Захлебываясь рвотой, я отвернулся, не в силах смотреть на него.
— Принимайся копать, сука. — Руди навел на него пистолет. — У нас тут три пустынные крысы… черт… с которых даже взять нечего.
Куид похлопал меня по спине.
— Возвращайся в лагерь, если хочешь, — тихо сказал он. — Не каждый выдержит такое.
Я остался стоять, солнце продолжало садиться, а парень начал копать могилы. Он несколько раз прерывался, изображая изнеможение, и Гуляка принимался пинать его или резать ножом, не проявляя ни милосердия, ни сострадания, даже когда тот начинал плакать и громко молиться.
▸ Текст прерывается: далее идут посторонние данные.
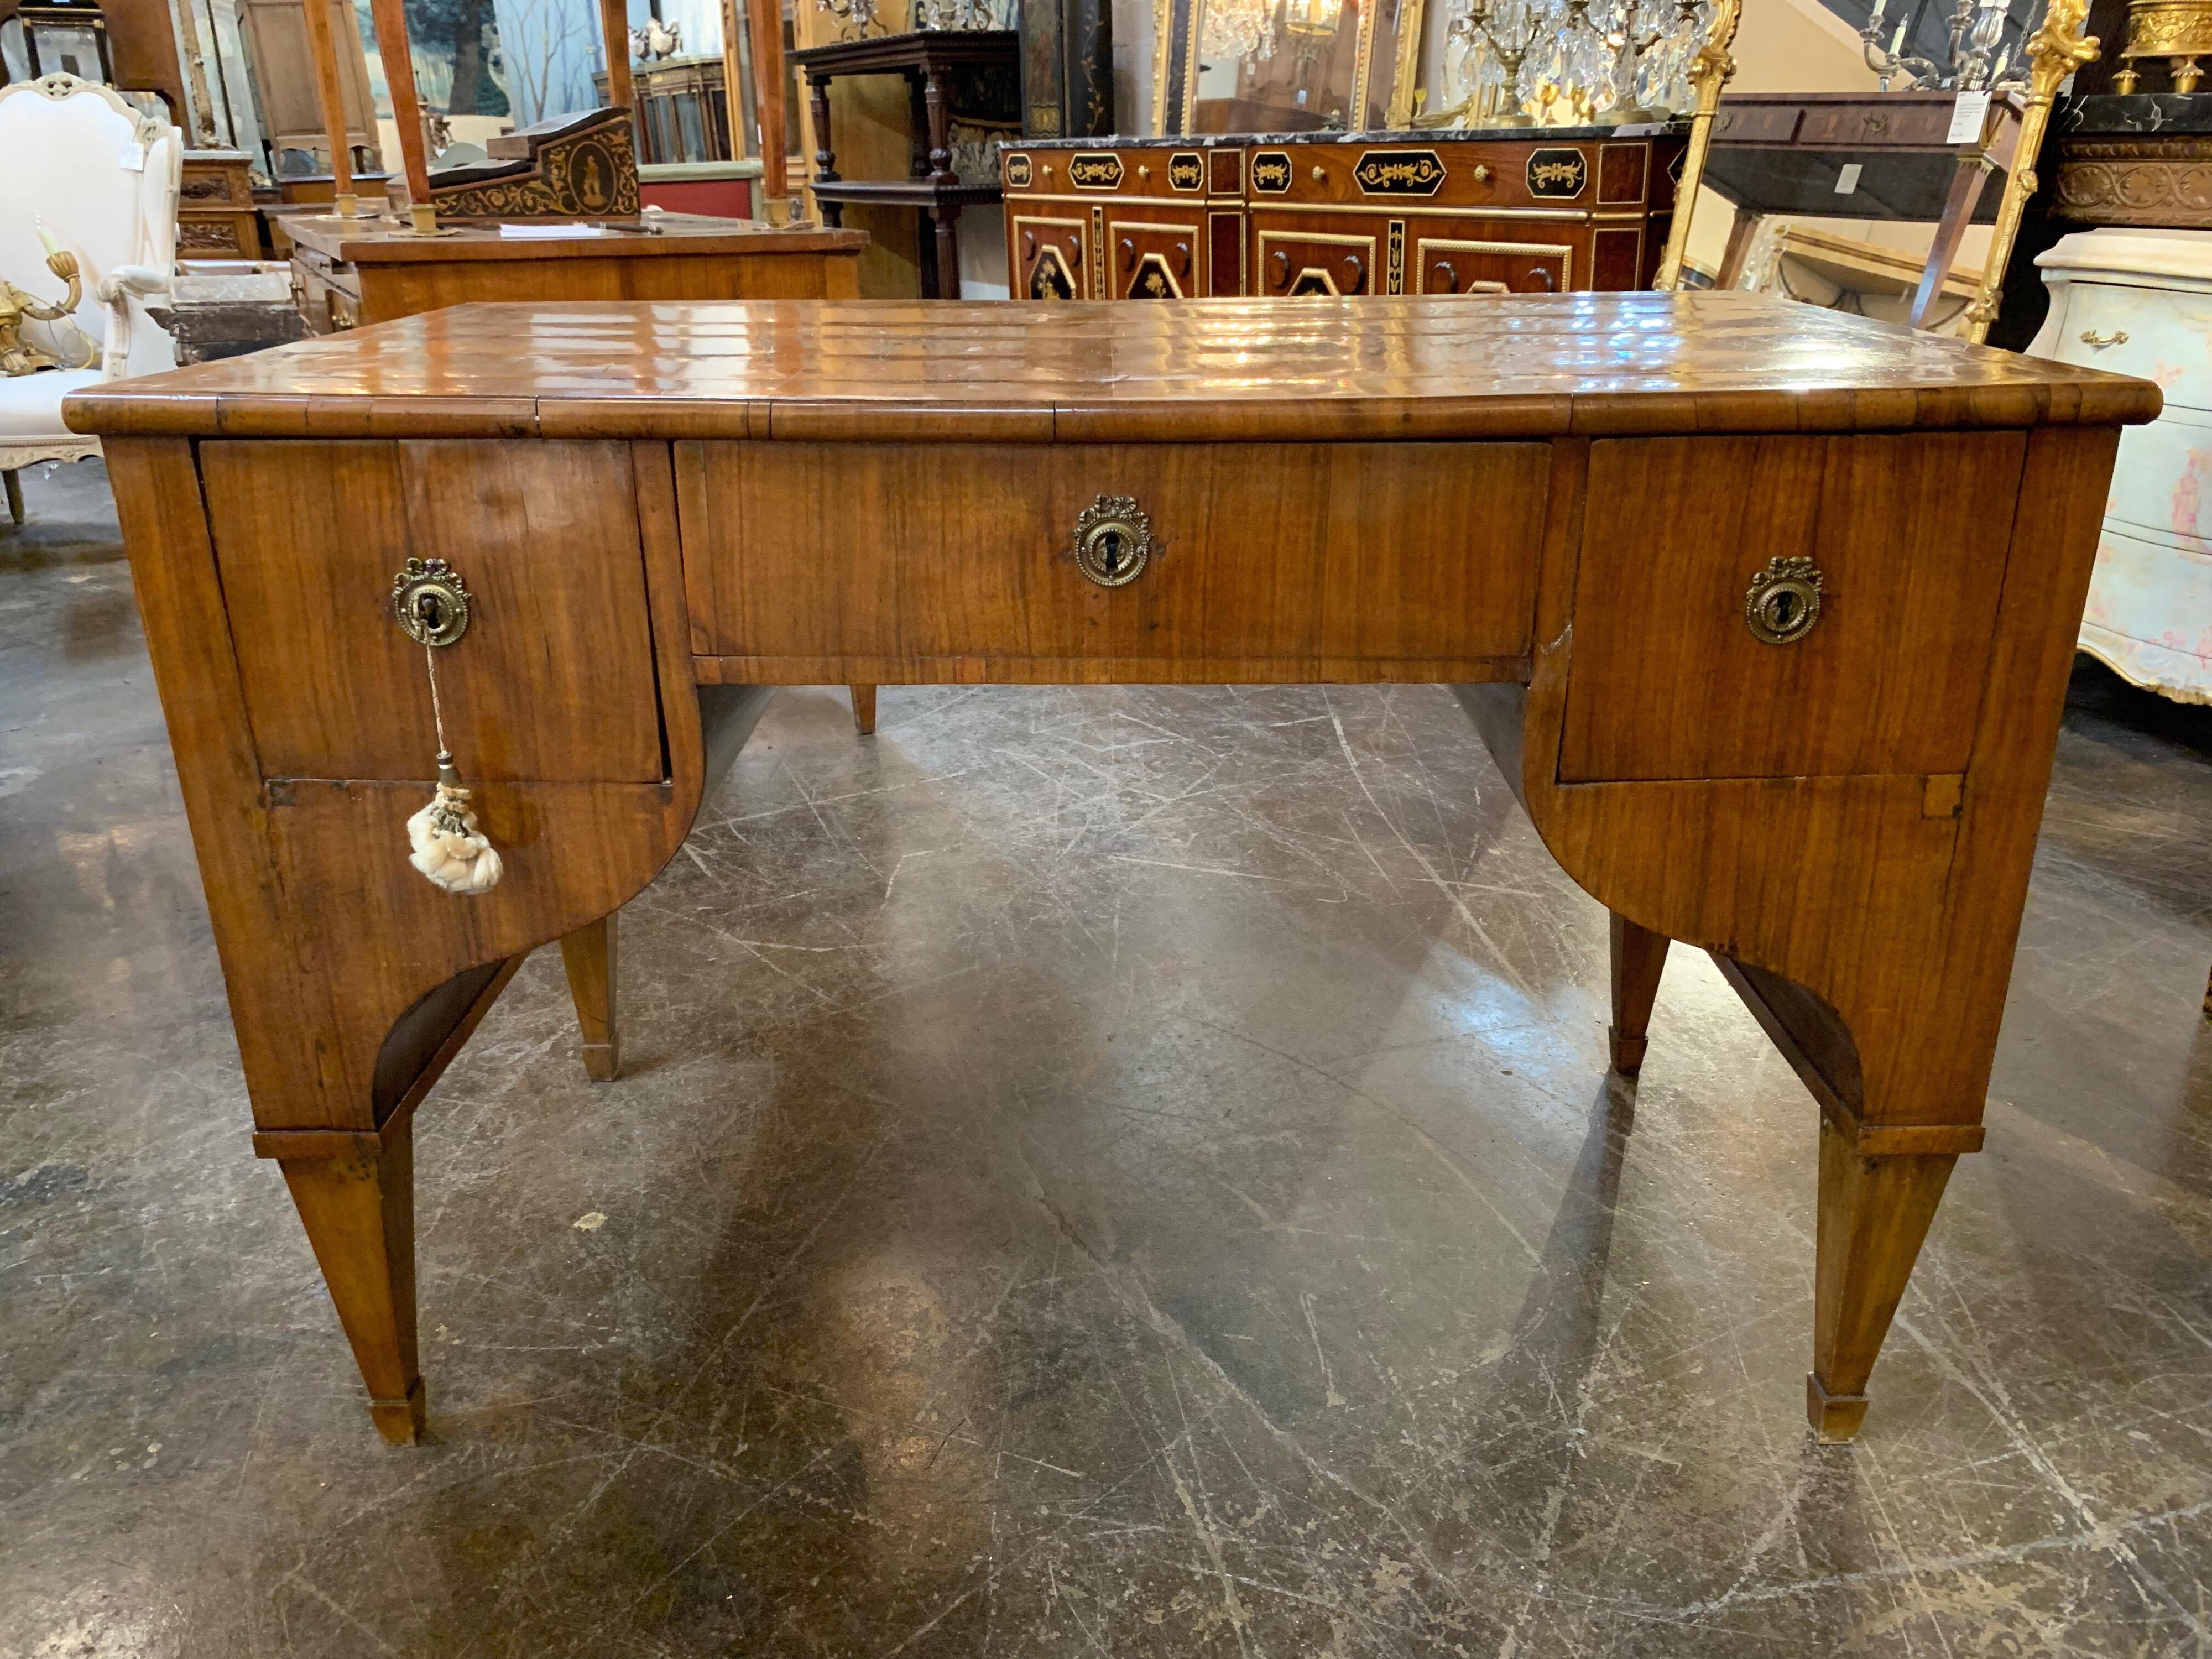 Very handsome mahogany writing desk in the Classic Biedermeier style. Beautiful wood grain and nice storage as well. Perfect for a study or library.

Казалось, это продолжалось бесконечно. И чем дольше парень молил о пощаде, тем холоднее и темнее становилось в пустыне и тем сильнее у меня крутило живот.
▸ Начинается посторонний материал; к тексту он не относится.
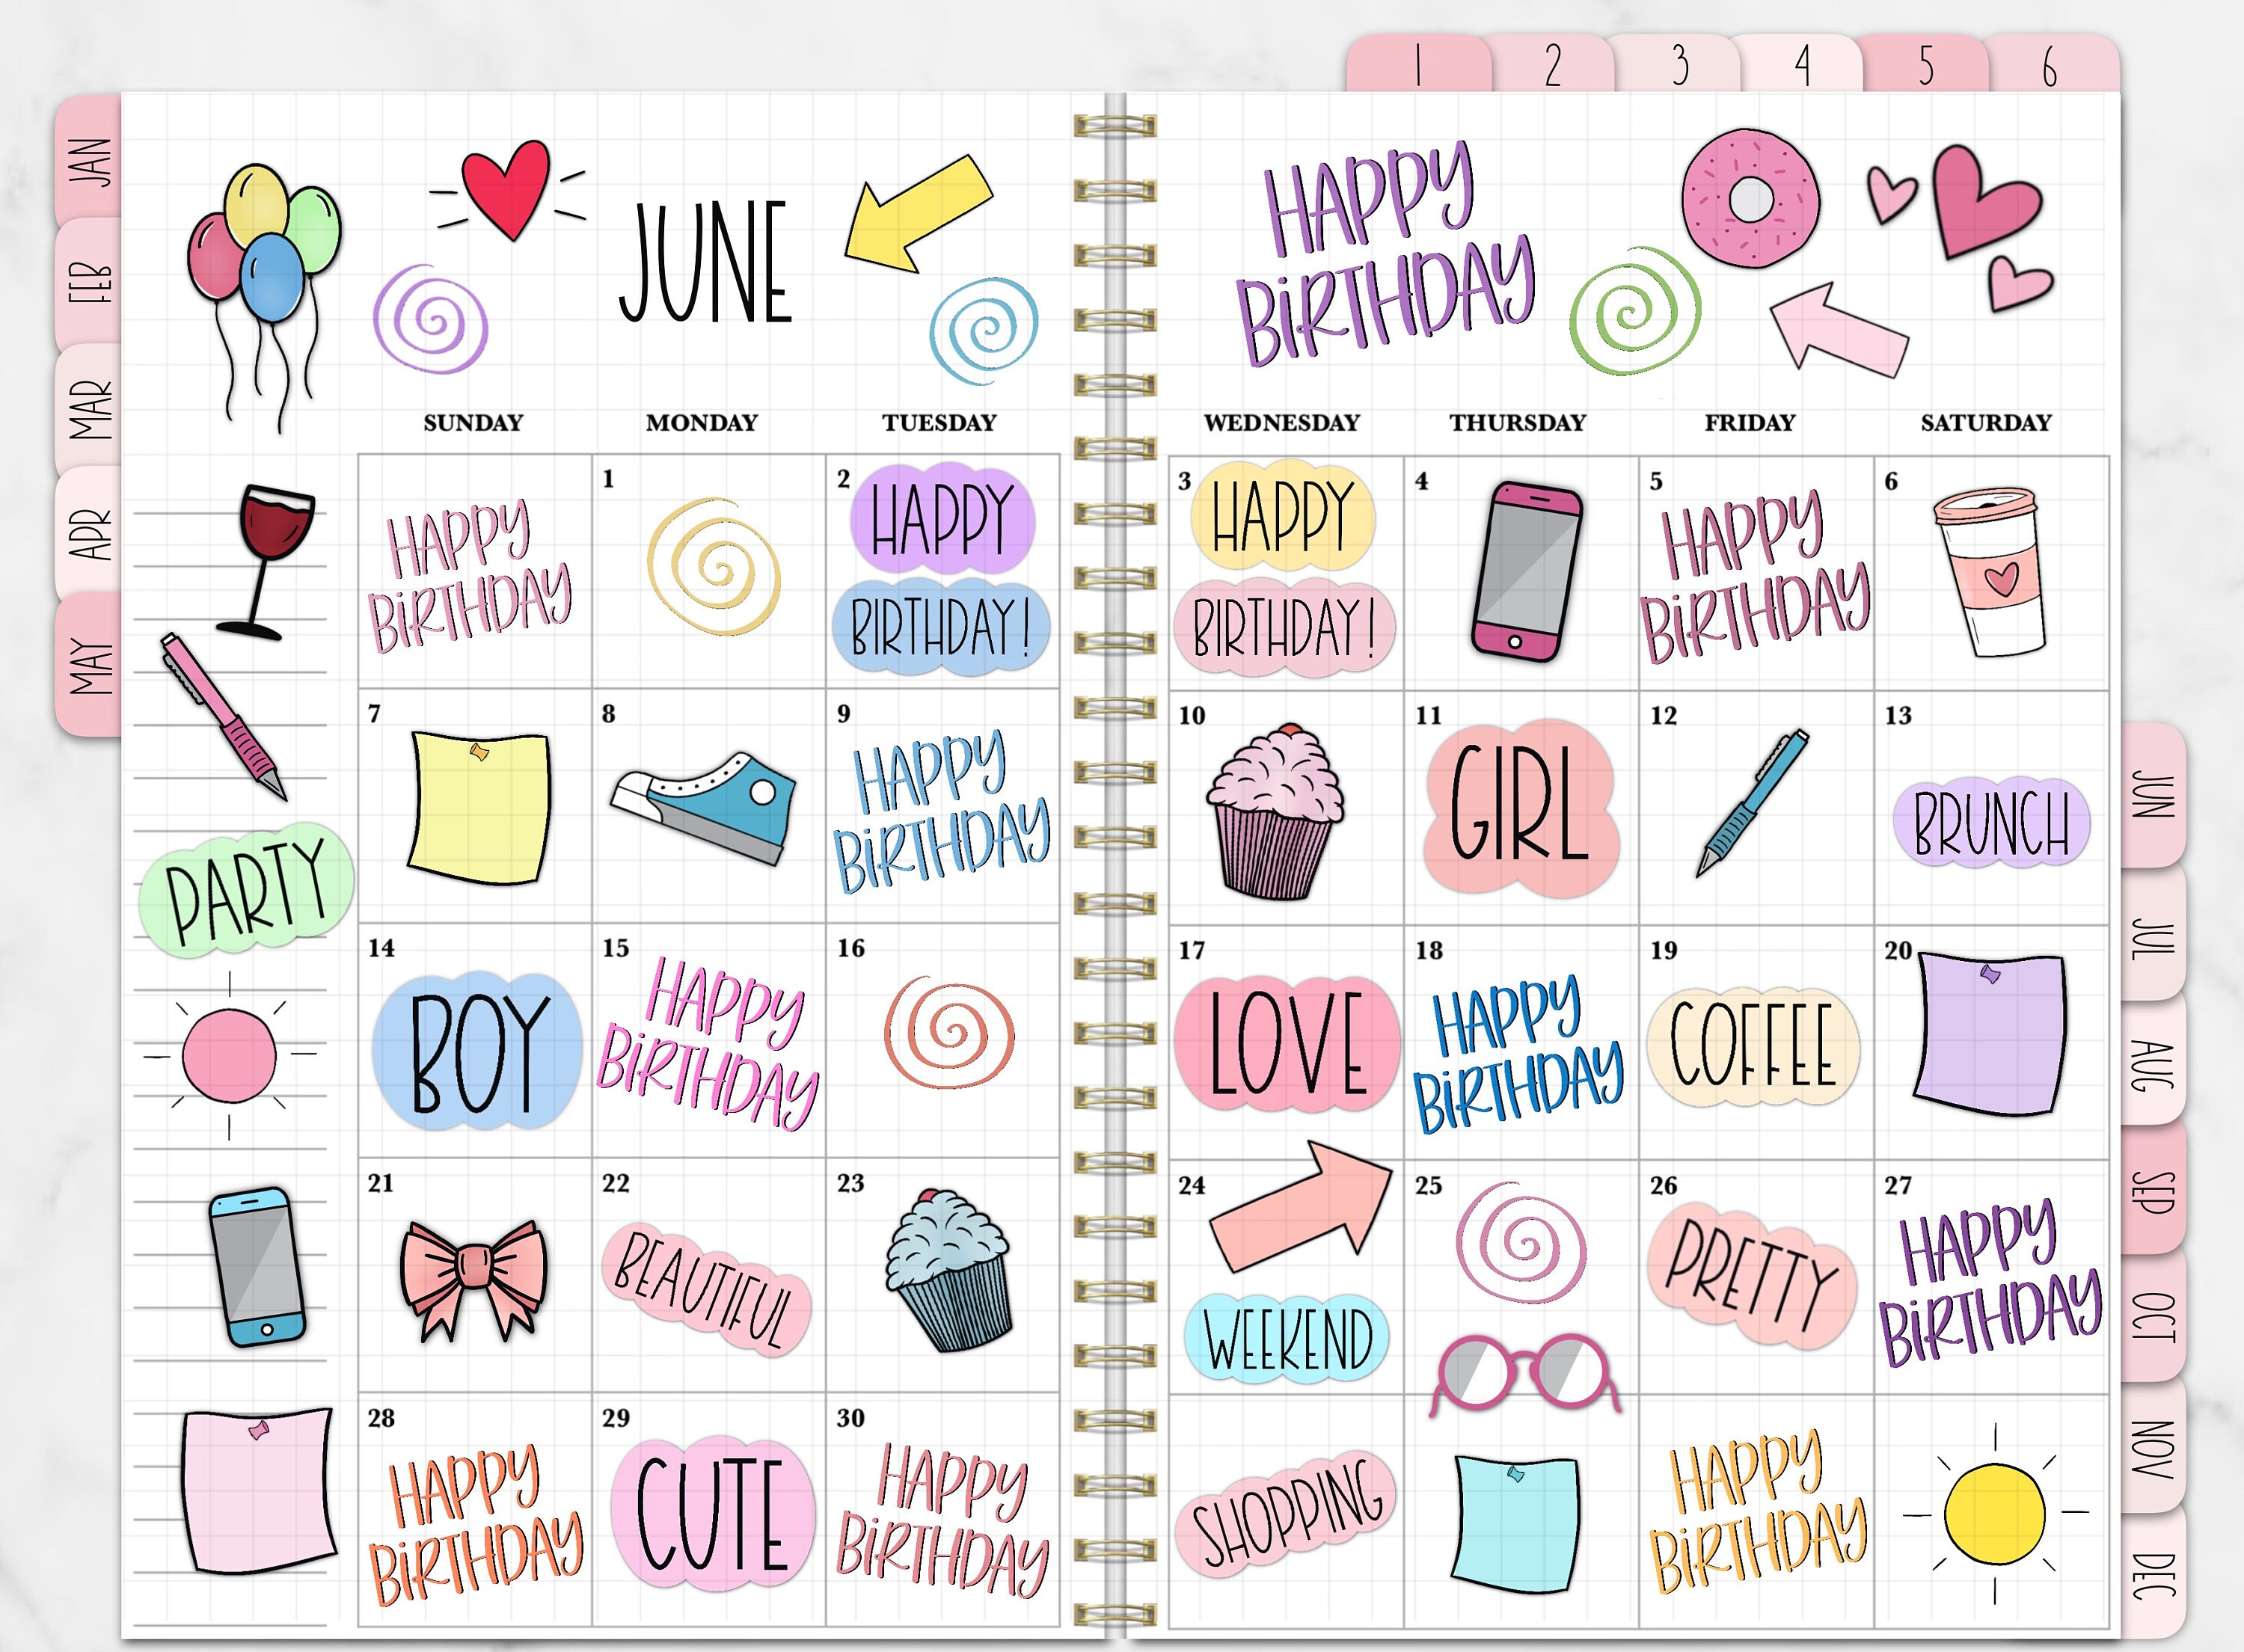 27pcs Cake Party Birthday Stickers For Laptop Scrapbook Ipad Phone

— Прежде чем ты начнешь жалеть этот кусок собачьего дерьма, — сказал Боско, — вспомни, что он и его друзья собирались сделать с нами. Что, по-твоему, они делали этой лопатой? Если б мы не добрались до них первыми, сейчас ты копал бы нам могилы.
Я молча кивнул и напряженно курил сигарету за сигаретой, пока парень не закончил. Затем, под дулом пистолета, он протащил по грязи своих мертвых партнеров и сбросил их безжизненные тела в могилы. Куид собрал оружие грабителей и бросил вслед за ними.
Гуляка снова указал жестом на лопату, и парень подчинился, поднял ее и принялся закапывать могилы быстрыми и эффективными движениями. Очевидно, в свое время ему уже приходилось это делать.
Выполнив задачу, он беспомощно улыбнулся и опустился на колени возле третьей могилы. Бросил лопату, будто демонстрируя, что не собирается причинить никому из нас вреда, и сложил руки в молитве.
Казалось, что прошло несколько часов, и солнце скрылось за горизонтом. Сердце учащенно билось у меня в груди, и несмотря на похолодание я обливался потом. Все казалось каким-то нереальным.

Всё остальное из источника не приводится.